Paula Miriam Wolfert (née Harris; born April 7, 1938) is an American author of nine books on cooking and the winner of numerous cookbook awards including what is arguably the top honor given in the food world: The James Beard Foundation Medal For Lifetime Achievement. A specialist in Mediterranean food, she has written extensively on Moroccan cuisine including two books, one of them (The Food of Morocco) a 2012 James Beard Award winner. She also wrote The Cooking of South-West France, and books about the cuisine of the Eastern Mediterranean, slow Mediterranean cooking and Mediterranean clay pot cooking.

==Early and personal life==
Wolfert was born April 7, 1938, in Brooklyn, New York, daughter of Sam and Frieda Harris. She attended Columbia University in New York between 1956 and 1959, earning a degree in English. During that time, her mother gave her a series of six lessons with Dione Lucas, an English chef who ran a cooking school in New York. "I loved it," she said. "I loved it better than school. I grew up on cottage cheese and melon, and my mother was on a diet her whole life. She had no interest in food."
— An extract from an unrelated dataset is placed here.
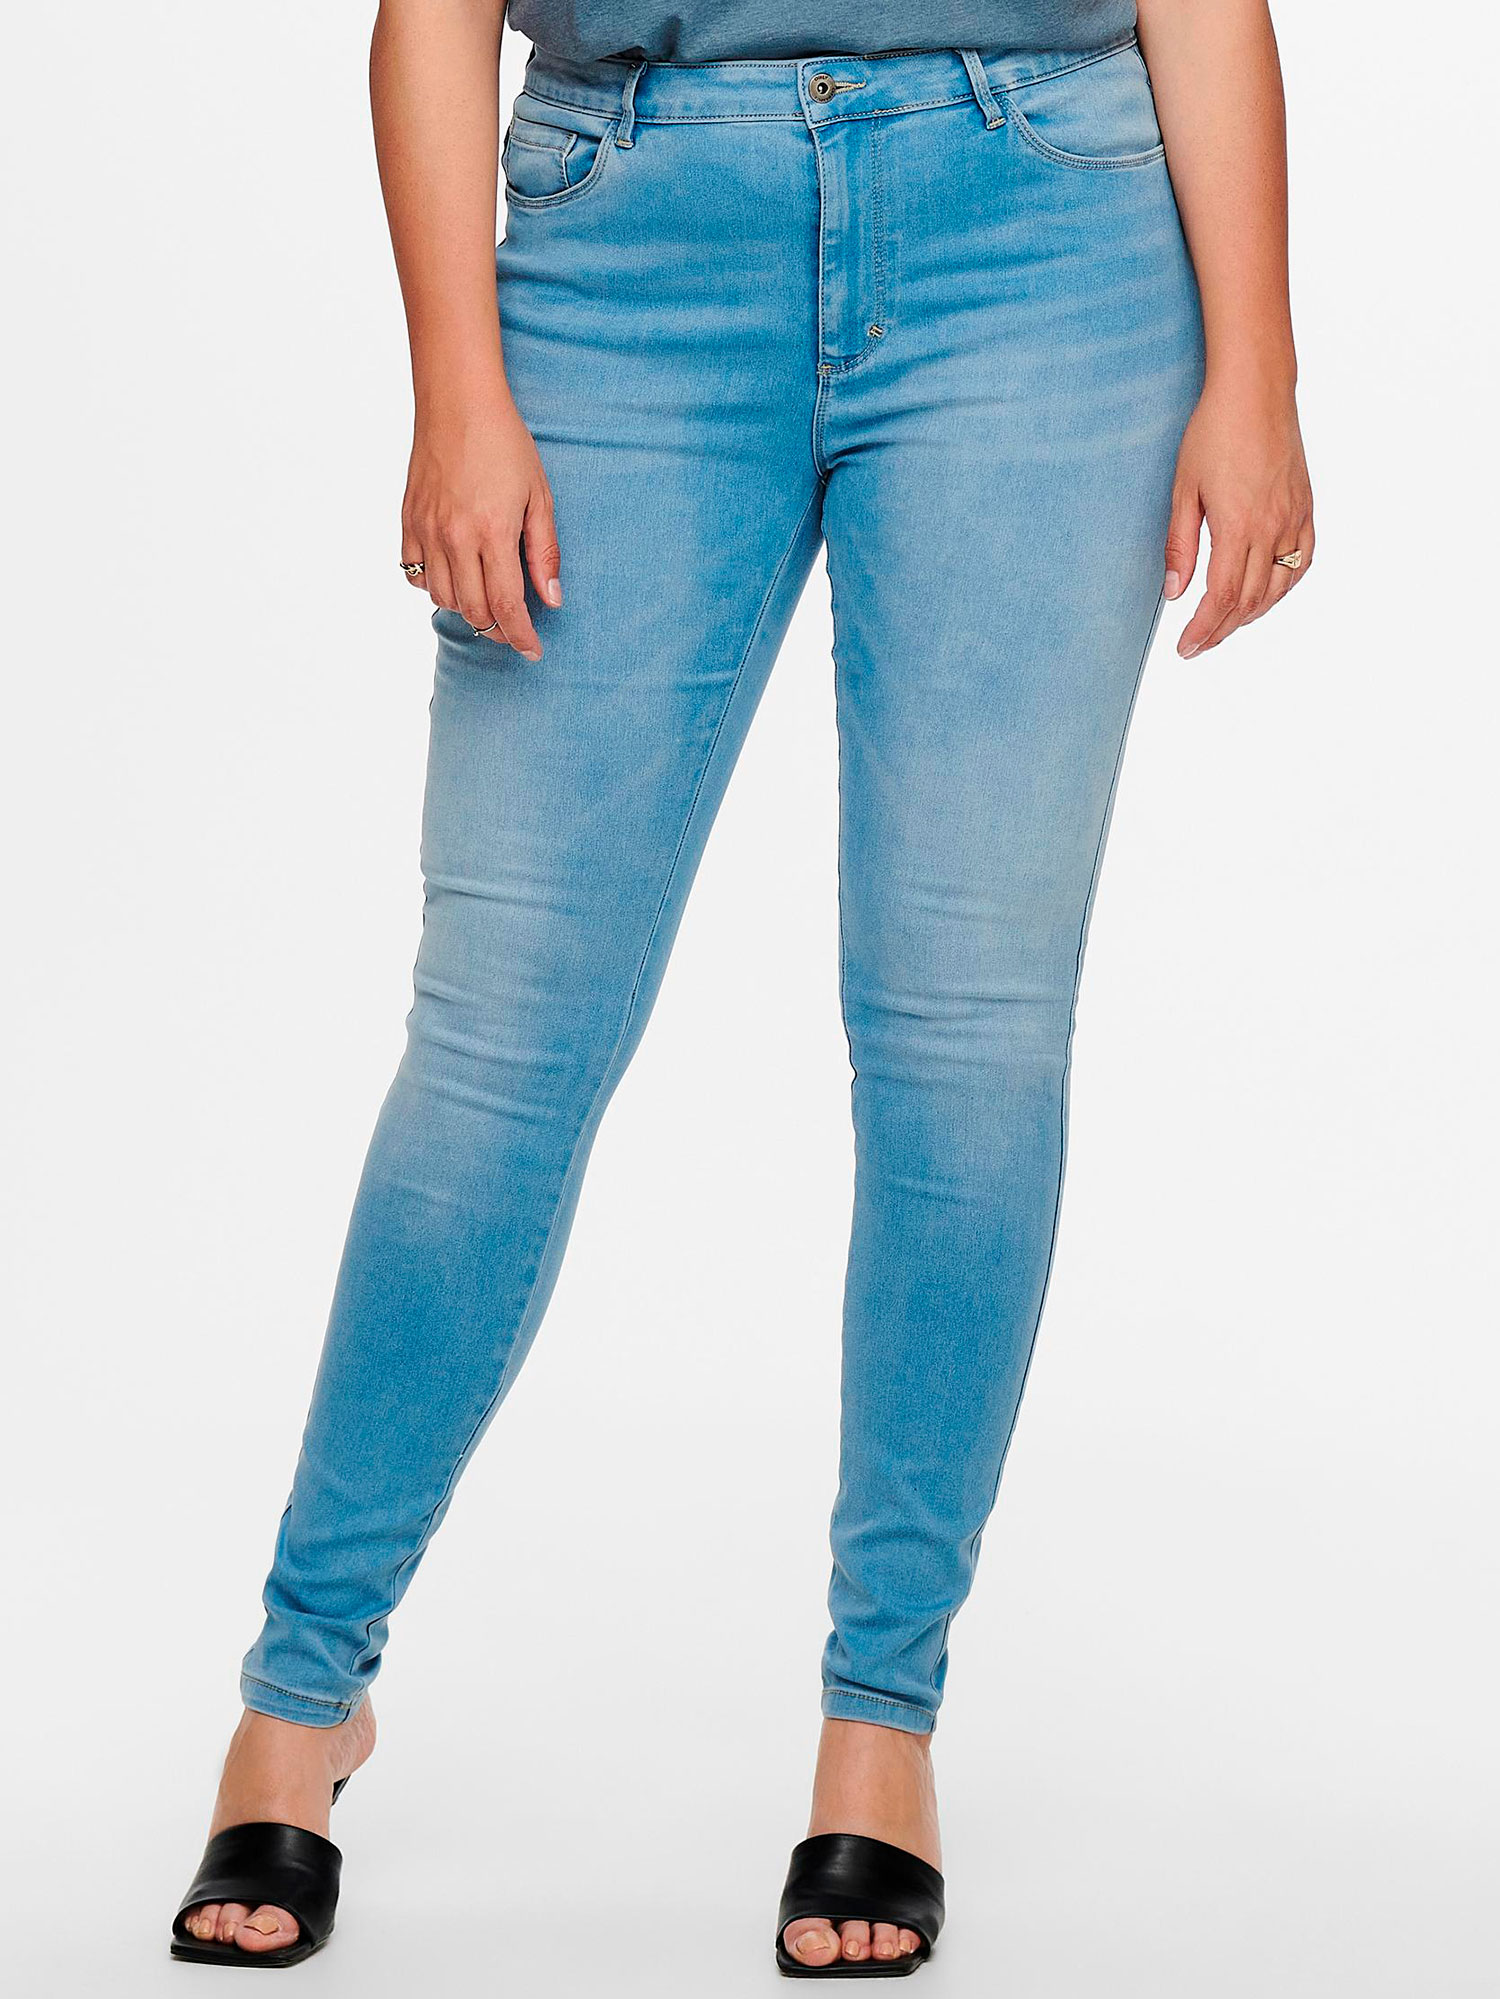 AUGUSTA - Lyseblå jeans med benlengde 32 fra Only Carmakoma

She is married to crime fiction writer William Bayer and is the mother of two children, Nicholas and Leila.

==Alzheimer's activist==
In late 2013 she said that she had been diagnosed with MCI (Mild Cognitive Impairment), an early stage of Alzheimer's disease. She told The Washington Post that she had stopped teaching and culinary writing in order to devote herself completely to Alzheimer's activism: speaking out about the disease, urging people who suspect that they may have it to get tested, and asserting her belief that "denial is not a viable option."
Also in 2013 she was featured in a segment on the PBS NewsHour in which she spoke about her role as an Alzheimer's activist.

==Biography==
A biography, Unforgettable, The Bold Flavors of Paula Wolfert's Renegade Life by Emily Kaiser Thelin, was published in early April 2017. This publication received considerable comment in The New York Times, The Washington Post, The San Francisco Chronicle, and other publications.

==Critical commentary==
In a review of Wolfert's Mediterranean Grains and Greens, Nicholas Lemann wrote in Slate: "The dream of every artist is to be a genius who is also wildly popular, but the way it usually works out is that there is an inexact fit between giftedness and broad appeal. Every one of the arts has a spectrum of esteem with the rich and unrespected at one end, the difficult and audience-less at the other, and most people somewhere in between. This is no less true in cookbook writing than it is in literature or painting or music. In the foodie world, the William Gaddis, the Ad Reinhardt, the John Cage, the inaccessible deity, is Paula Wolfert. A cynic might take Wolfert, and Wolfert fans like me, for reverse snobs, down-homing to mask the fundamental one-upmanship. But this would be vile calumny. Wolfert is merely a perfectionist and a visionary, and such people should be our heroes."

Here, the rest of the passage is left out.